Friday, April 08, 2005
SOTU
Over at New Music Box, right next door to J. Mark Scearce's much discussed controversial essay on the education of composers, Keeril Makan has a great essay on a graduate seminar he is teaching at U Illinios, Urbana. He and his students are taking a sort-of "State of the Union" survey of the new music scene in the US.
"So, first we investigated programs and institutions that are national in scope. The students researched composers that have won national commissioning competitions in the last five years (such as the Fromm, Koussevitzky, Meet the Composer, and Chamber Music America). Coincidentally, I was serving on a national commissioning panel early on in the semester, so I was able to give students a more in-depth example of how such a panel works. We also discussed composers that have received multiple orchestral commissions in the past five years, and looked at how national performance rights organizations such as ASCAP and BMI function. Then students researched and reported on new music activity in given urban centers. So far, we have looked at New York, Boston, Washington D.C., Philadelphia, Los Angeles, Seattle, San Francisco, Minneapolis, and Chicago (not a comprehensive list, but certainly a start). Students were charged with investigating larger institutions as well as small performing ensembles, local composers active in the region, and the universities that have composition and new music programs."

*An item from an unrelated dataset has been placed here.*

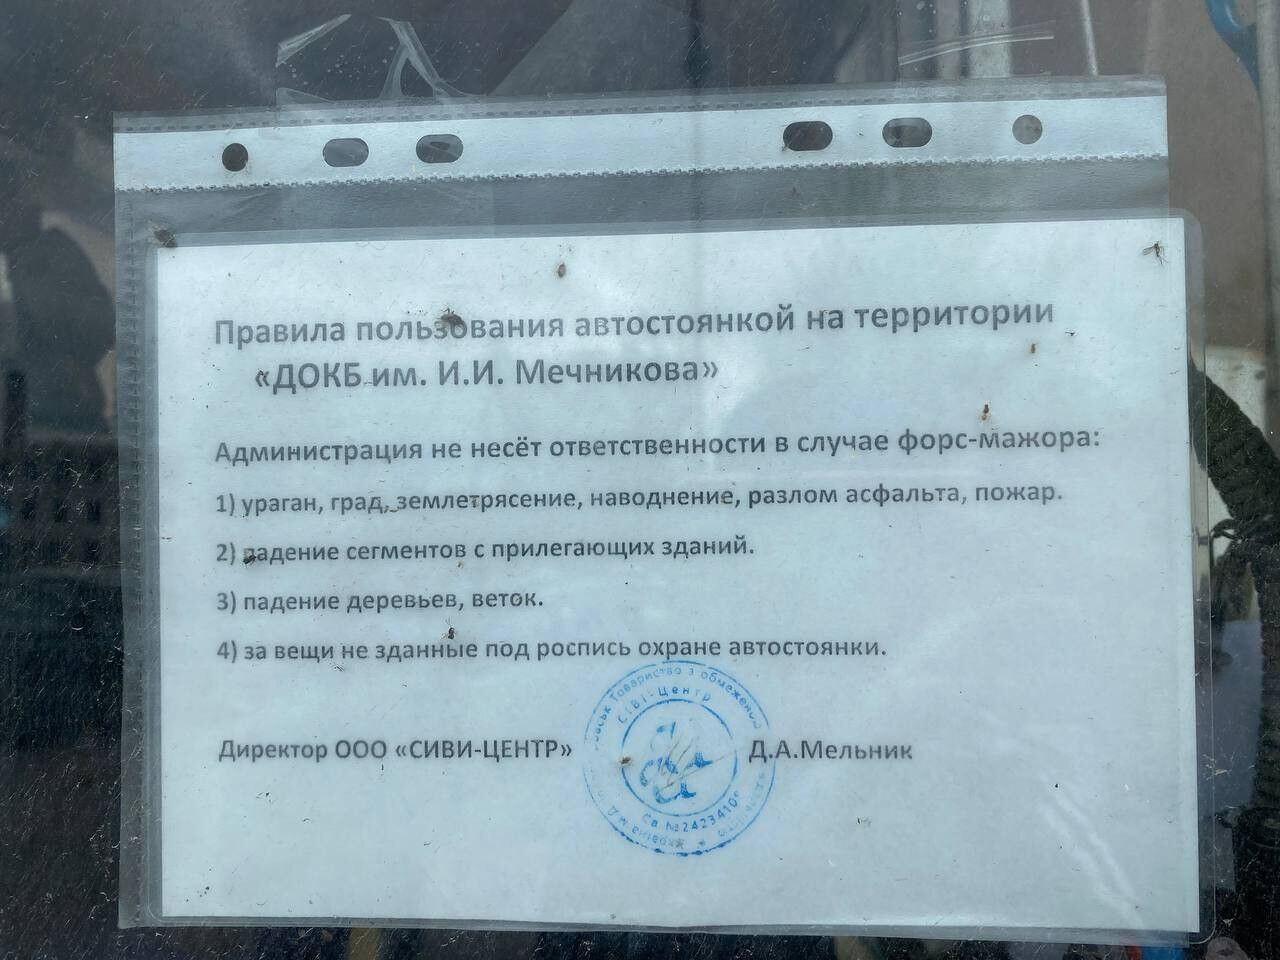 Лікарню Мечникова запідозрили в "схемі" із заробітком на паркуванні авто: ЗМІ розповіли, що не так і які загрози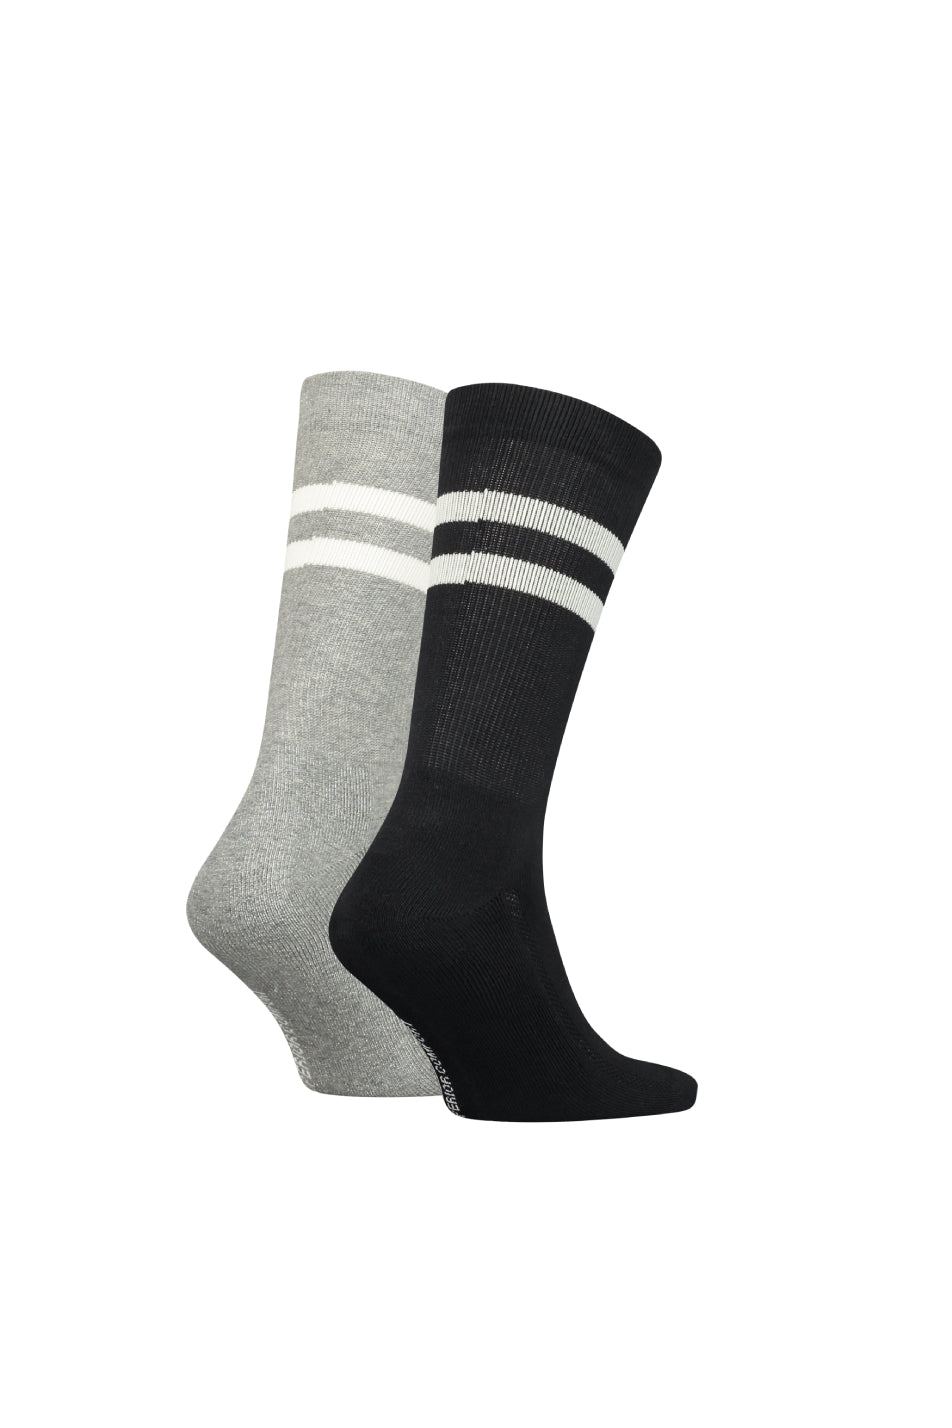 Levi's 2 Pack Unisex Regular Cut Sport Socks

This strikes me as a fantastic idea, and I wish that such a class had been offered when I was at NEC. (Maybe there will be something like this at what ever school I go to for my doctorate. Heck, I may even look at U of I.) We spend so much time studying historical music, and so much time living in our own little corner of the current new music world, that we can't see the forest for the trees. I know who some of the major historical figures are in the minimalism/downtown scene (let me confess additionally that I know less of this history than I should) but I don't have much of a sense of who's doing what now. That's even more the case in more uptown styles. I know the Boston scene to a certain extent, but I bet there's all sorts of exciting stuff going on in New York, San Fransicso, DC, Chicago, and in dozens of other cities of which I'm completely ignorant. Now one might note that if I want to learn about these regions I can just do the research on my own, and one would be right, but the beauty of Professor Makan's format is that a group can do more research than an individual can, and then each member of the group can present his or her findings to the group. It's far more efficient. If these students are doing reports, maybe they would be willing to put them together into one publicly available repository so that the rest of us can benefit as well?